About 18 months ago, mooching round a charity shop in Crystal Palace I came across a box of 35mm colour slides. They seemed to depict roughly a year or two in someone’s life. There were summer holidays, Bank holidays, donkey rides, church services, day trips to a zoo and an ornamental garden, family gatherings and finally Christmas dinner. The woman in the shop didn’t know where they’d come from, ‘perhaps a house clearance’ she said.

They’re amazing. This is what photography used to be like for most people. You took the camera out when there was an ‘occasion’ as getting film processed was a bit of a luxury. It’s the sort of photography I grew up with, what is jokingly referred to as ‘Christmas on each end of the film, summer holiday in the middle’. If you grew up in the late 60s/early 70s, you’re childhood probably looked like this too. When you like at images like these, you can squint and almost imagine your family members in the picture.

As this statistic from the National Media Museum says.

‘In 1979 amateurs took an estimated 750 million photographs. By then there were 10 million snap shooters …. Most used between one and three rolls of film a year’

Last November the number of uploaded Flickr images passed the 2 billion mark (in just four years). That’s progress after all, to quote Mat Locke talking about his own kids’ use of technology: ‘What we carved out of rock they take as landscape

We photograph everything these days; we’ve made our whole lives one long ‘occasion’. But when you look at these found images, you see not only the rapid change in how we used photography, but how rapidly we’ve changed as a society and as a Nation too.

Anyway, I was planning to do something clever and creative with them, but I (well actually Lee!) never got round to it.

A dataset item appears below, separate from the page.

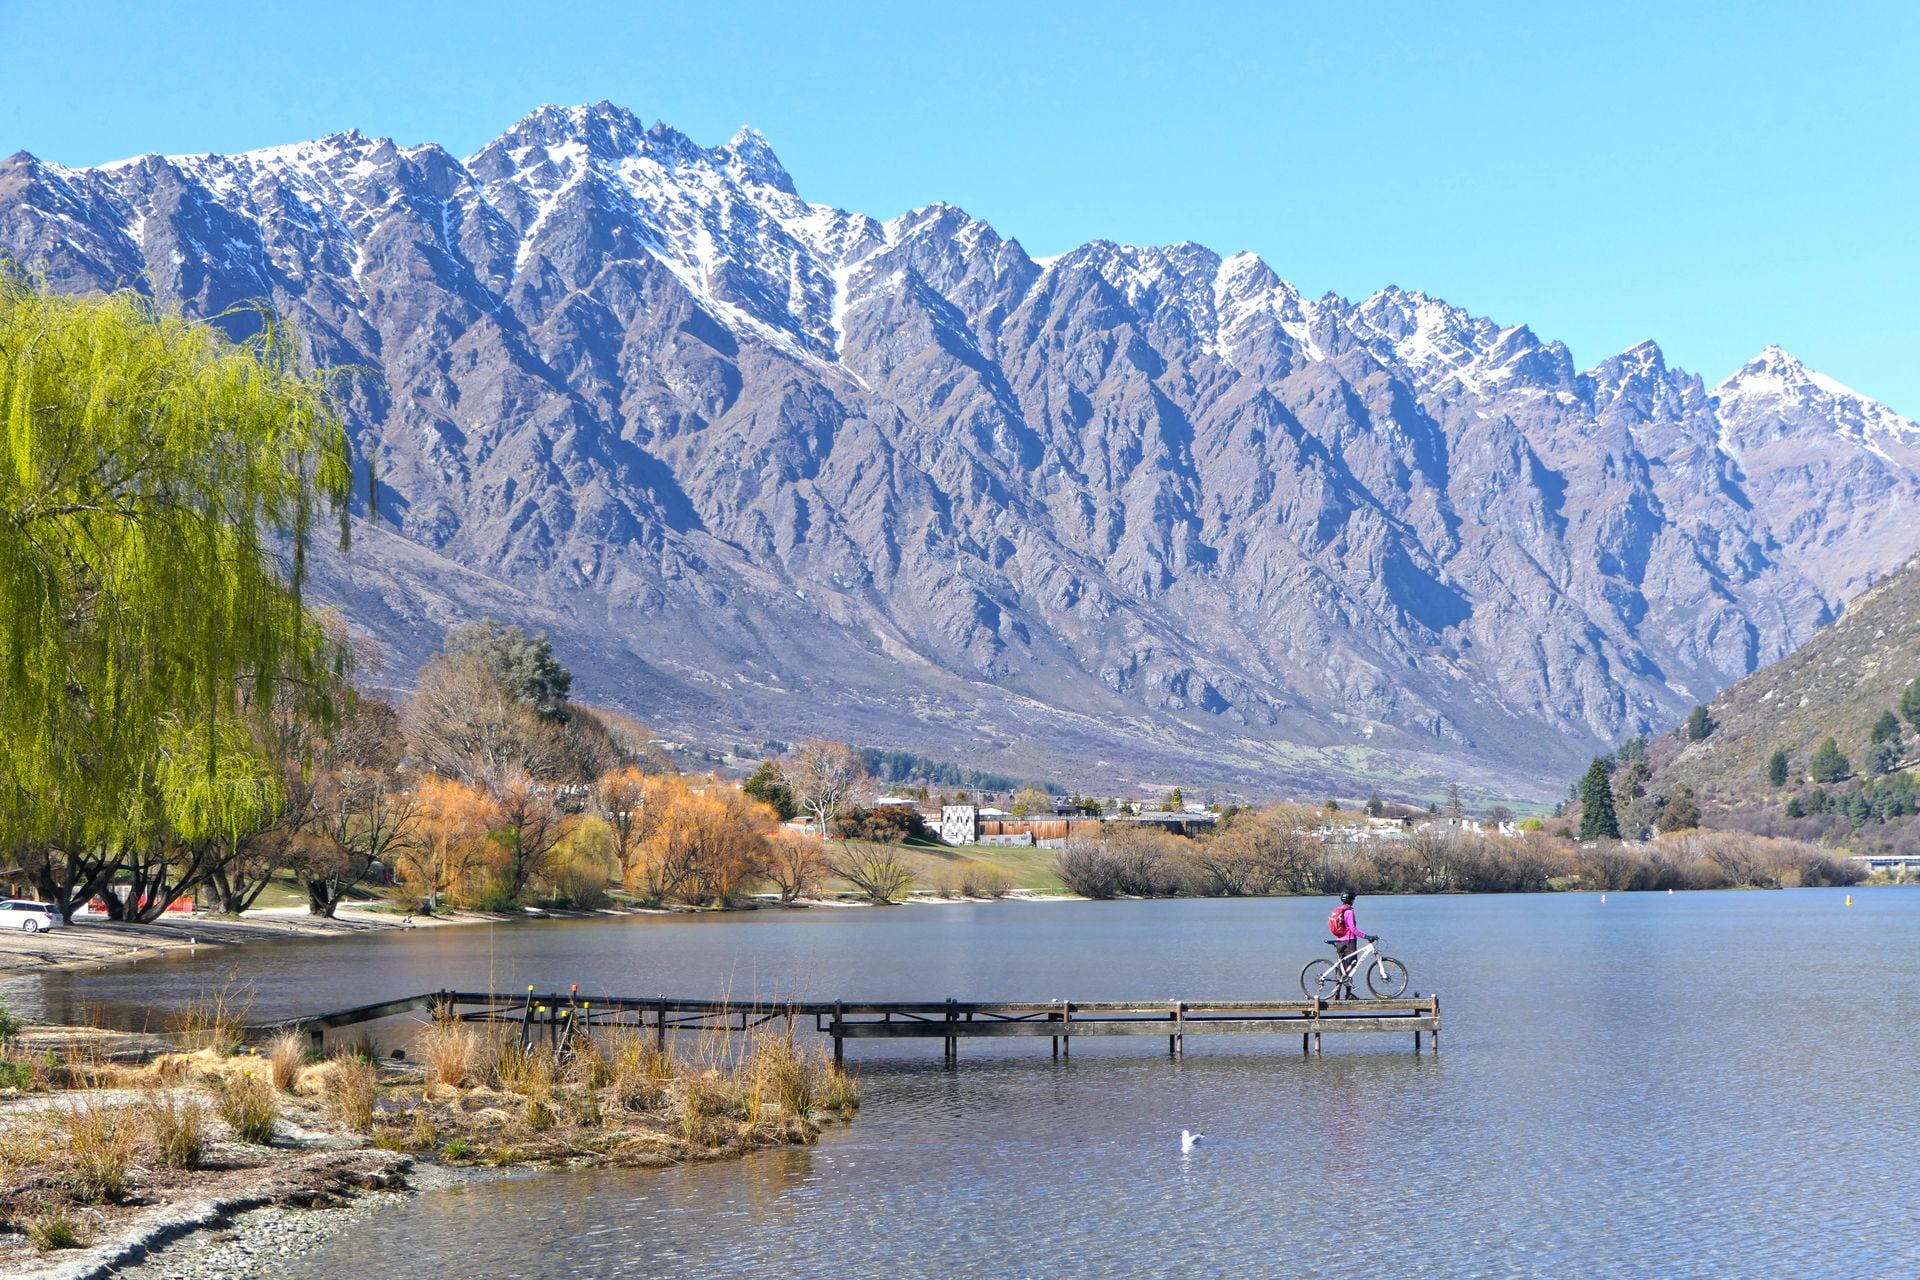 How to get to LOUIS VUITTON Queenstown by Bus?

So instead, here they are, released under CC (Attribution-NonCommercial) for what ever you’d like to do with them.

Below are some of my favourites. (Full set here) If you recognise a place (or a face!) in any of them, please at a note/geo-tag in Flickr.

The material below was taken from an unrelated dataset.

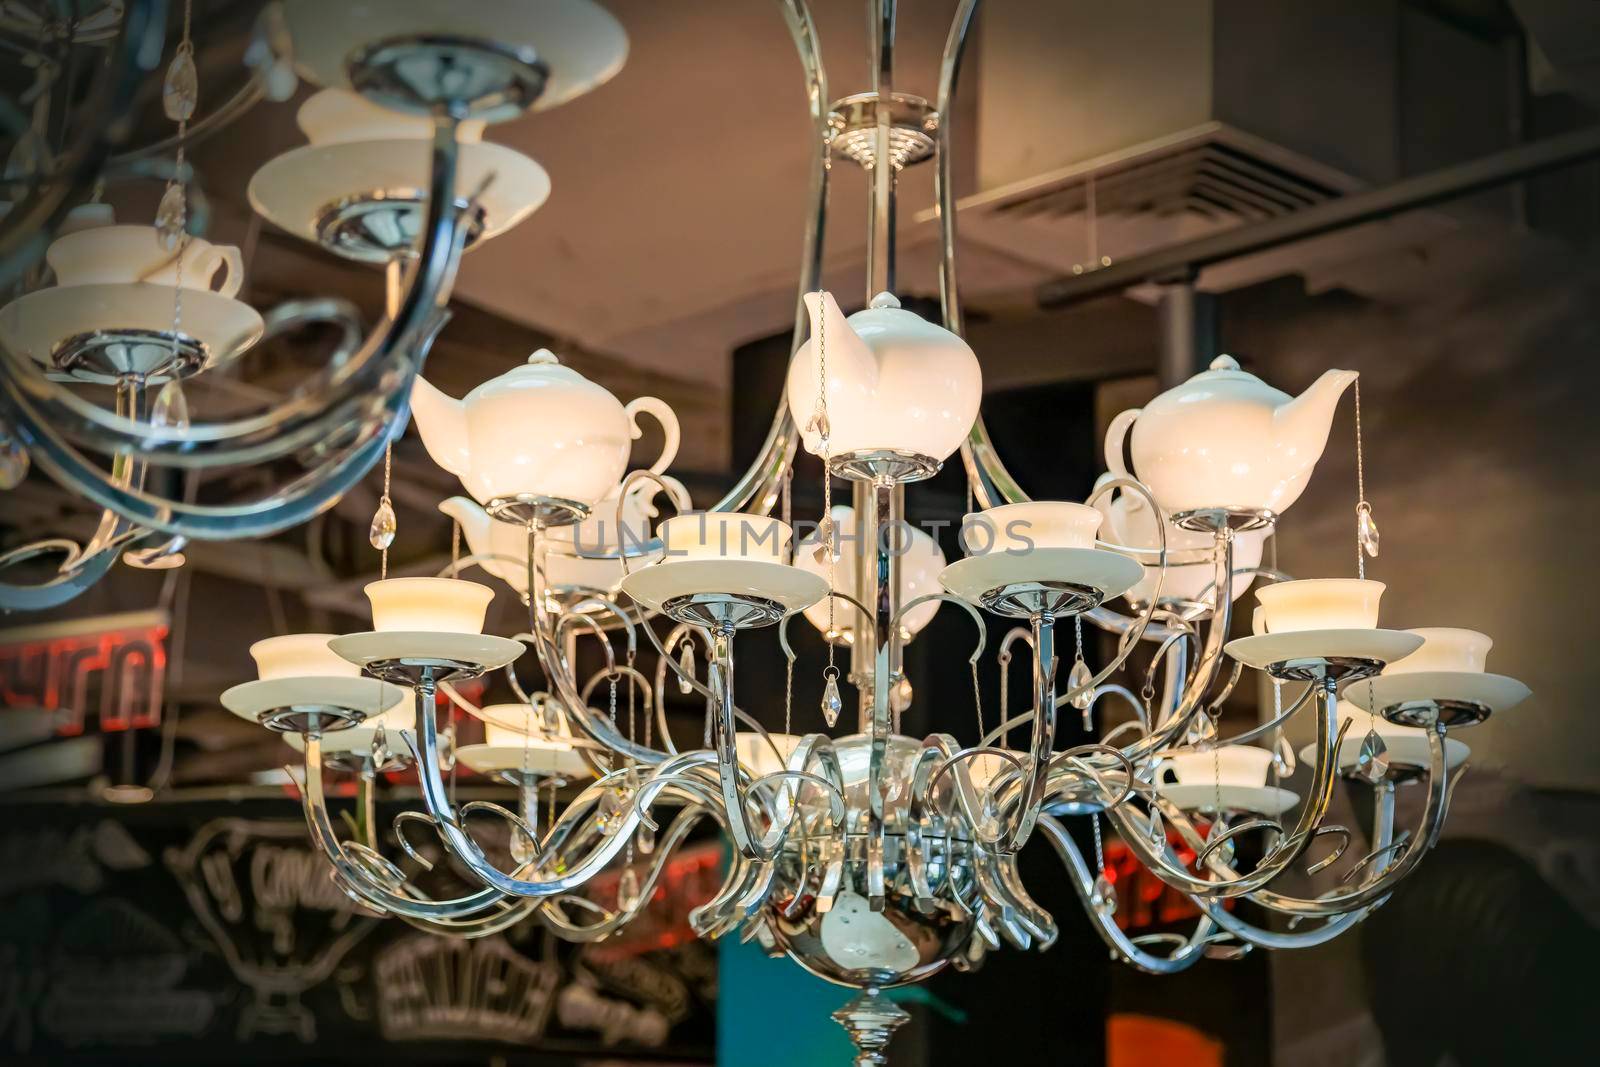 Luxurious large chandelier, lamps in the form of porcelain teapots and cups and saucers. by Yurich32

A Stranger's Childhood in Picture - 130People made their own music

A Stranger's Childhood in Picture - 125Spain had just become affordable as a holiday destination

A Stranger's Childhood in Picture - 114

A Stranger's Childhood in Picture - 112People still went to Church

A Stranger's Childhood in Picture - 105Christmas Dinner was still a free for all.

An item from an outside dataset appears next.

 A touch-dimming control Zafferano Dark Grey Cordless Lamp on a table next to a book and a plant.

A Stranger's Childhood in Picture - 058 Most people holidayed in the UK

A Stranger's Childhood in Picture - 096HMS Victory ( I think)

A Stranger's Childhood in Picture - 083 Twister was the new crazed

A Stranger's Childhood in Picture - 061The Bugle in Hamble (Still there) and super weirdly I went there the week before I bought these slides.

A Stranger's Childhood in Picture - 138The average family gathering, with tea

A Stranger's Childhood in Picture - 034Anyone recognise the make of car?

A Stranger's Childhood in Picture - 011Look at the dresses, the decor, the hair!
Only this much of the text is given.